Distribution of function of random variable $y = (x_{0}-x)^n$ where $x$ is $N(0,1)$ Need to compute distribution of function of random variable $y = (x_{0}-x)^n$ where $x$ and $x_0$ are both less than -3, $x<x_0$ and $x$ is distributed as $N(0,1)$
I have pages of ink on paper attempts but am overwhelmed (and frankly, a bit out of practice) ...

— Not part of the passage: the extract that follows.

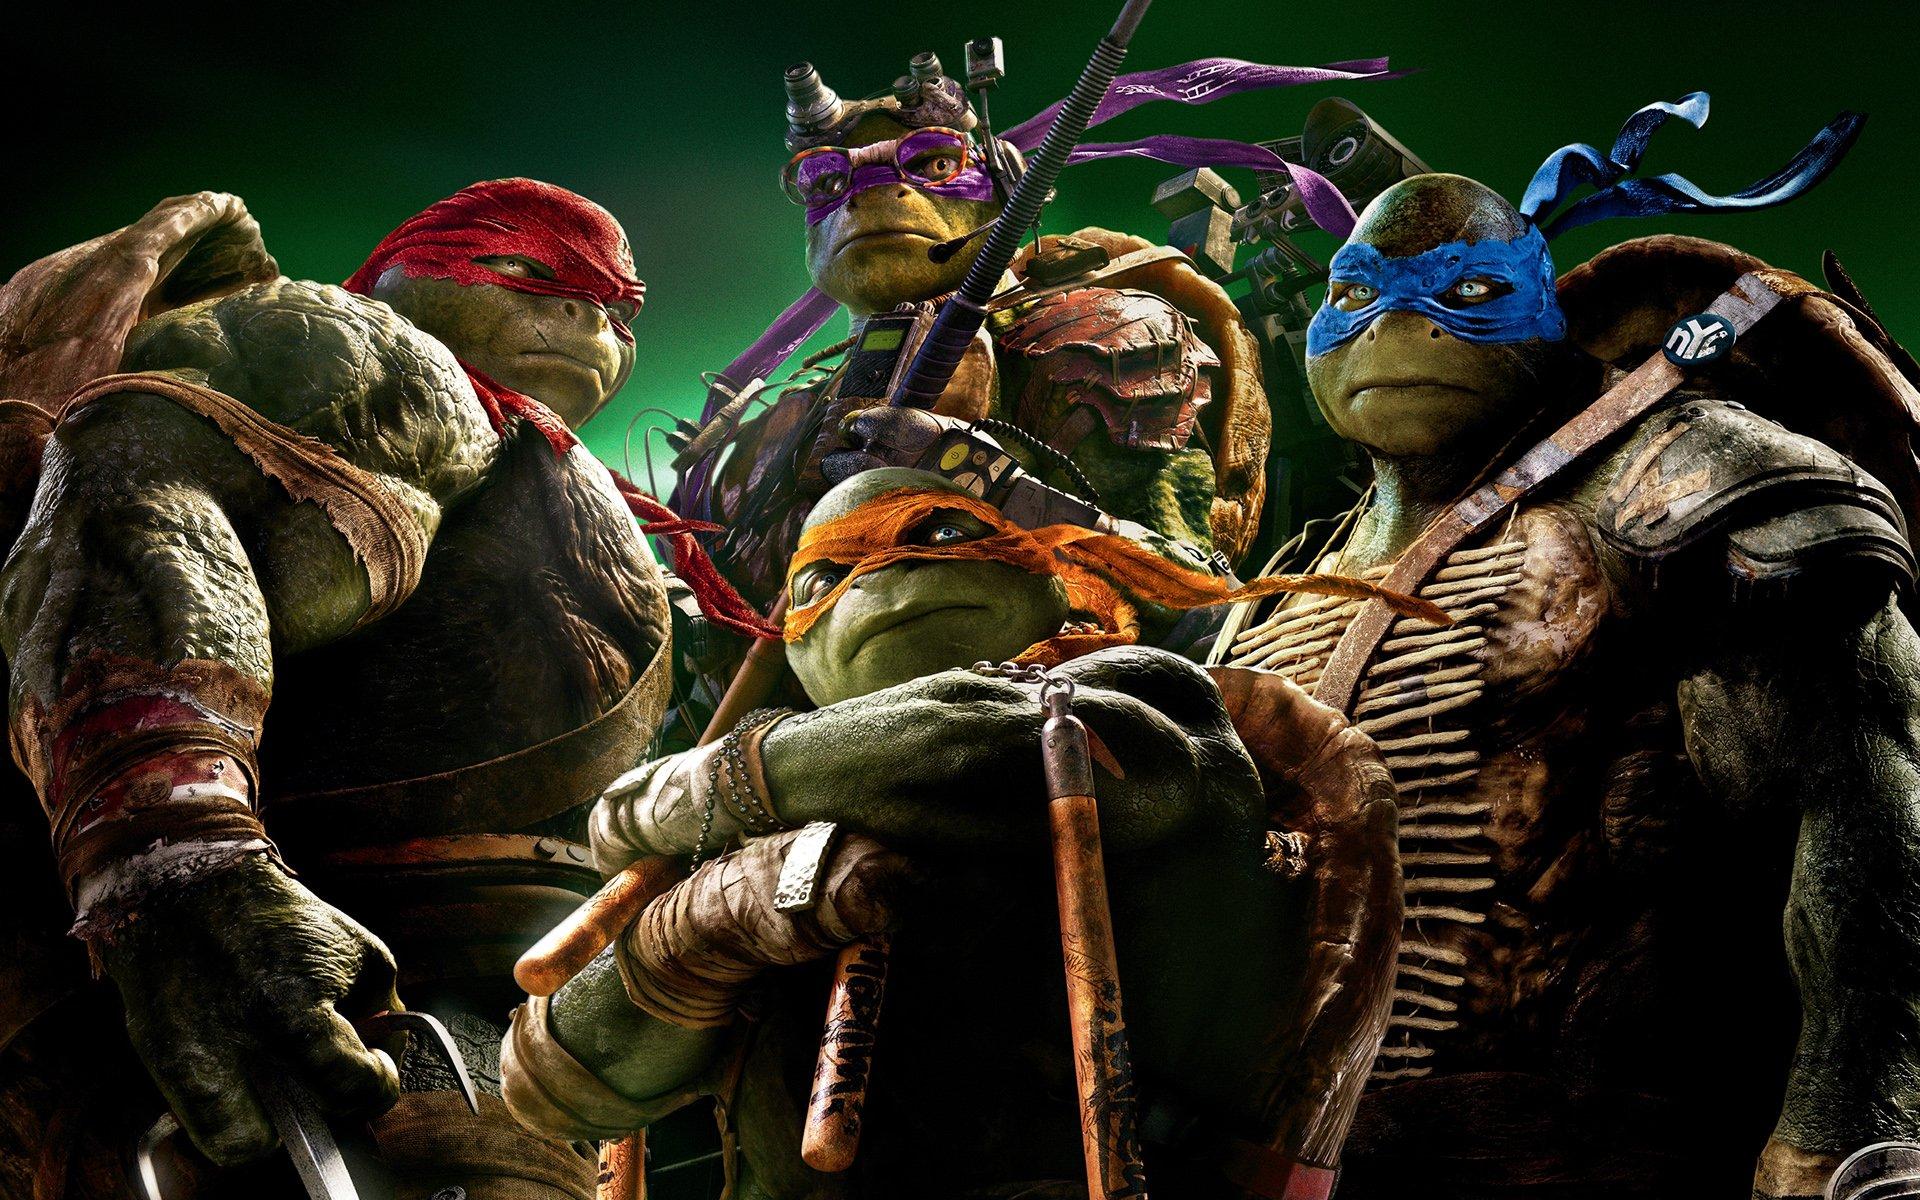 142 Teenage Mutant Ninja Turtles HD Wallpapers
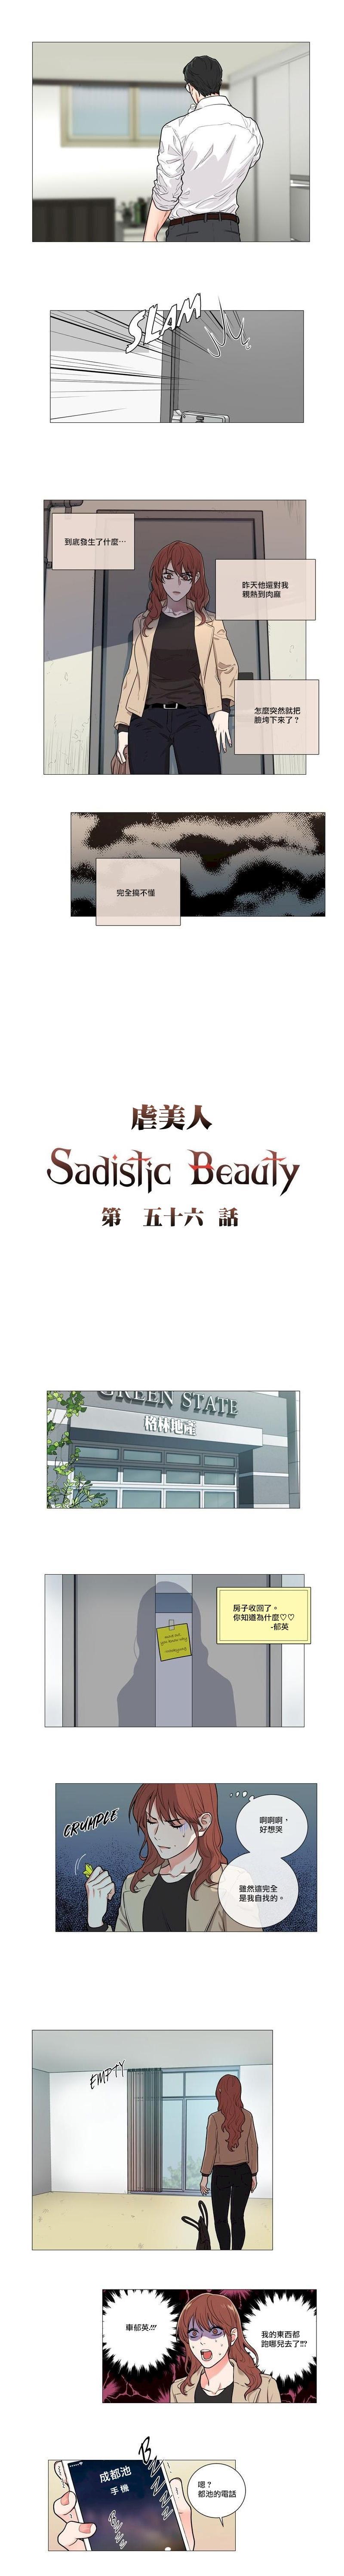 Sadistic Beauty   虐美人 Ch.52-56 36

My first round through gives me that the probability density function for $y$ is
$$f(y)=\frac{1}{n\sqrt{2\pi}}y^{\frac{1}{n}-1}e^{-\frac{1}{2}\left(x_0^2+y^2+2x_0y\right)^\frac{1}{n}}$$
How would I apply the fact that we're out in the left tail
 A: I am not very sure if I am doing right, but let me give a try by using the defintions: first I would like to write $X$ and $Y$ for the $x$ given in the OP, since for me it is more comfortable to use $X$ and $Y$ for a random variables... Now you want to derive the distribution of $Y$. Then it suffices to derive the distribution function of $Y$, namely, you want to derive the explicit form of $P(Y\leq t)$ for $t\in\mathbb{R}$. Due to the defintion given by the OP, that is to calculate $P((x_0-X)^n\leq t)$. Due to the definition, we should notice that $P(X\geq x_0)=0$, therefore $P((x_0-X)^n\leq t)=P((x_0-X)^n\leq t,X<x_0)$. For $t<0$, this is obviously an empty set; for $t>0$, we have $P(Y\leq t)=P(x_0-t^{\frac{1}{n}}\leq X<x_0)=\int_{x_0-t^{\frac{1}{n}}}^{x_0}f(\sigma)d\sigma=\Phi(x_0)-\Phi(x_0-t^{\frac{1}{n}})$, where $f$ is the density of $X$ and $\Phi$ is the distribution function of $X$. Now calculating the derivative of the distribution function you can obtain the density, and in our case, we can apply the chain rule: $\frac{d}{dt}P(Y\leq t)=f(x_0-t^{\frac{1}{n}})t^{\frac{1-n}{n}}$. It seems that this is in fact a very easy derivation, so I am not sure if I am mistaken or misunderstood the meaning of the problem. Please tell me if I made a mistake.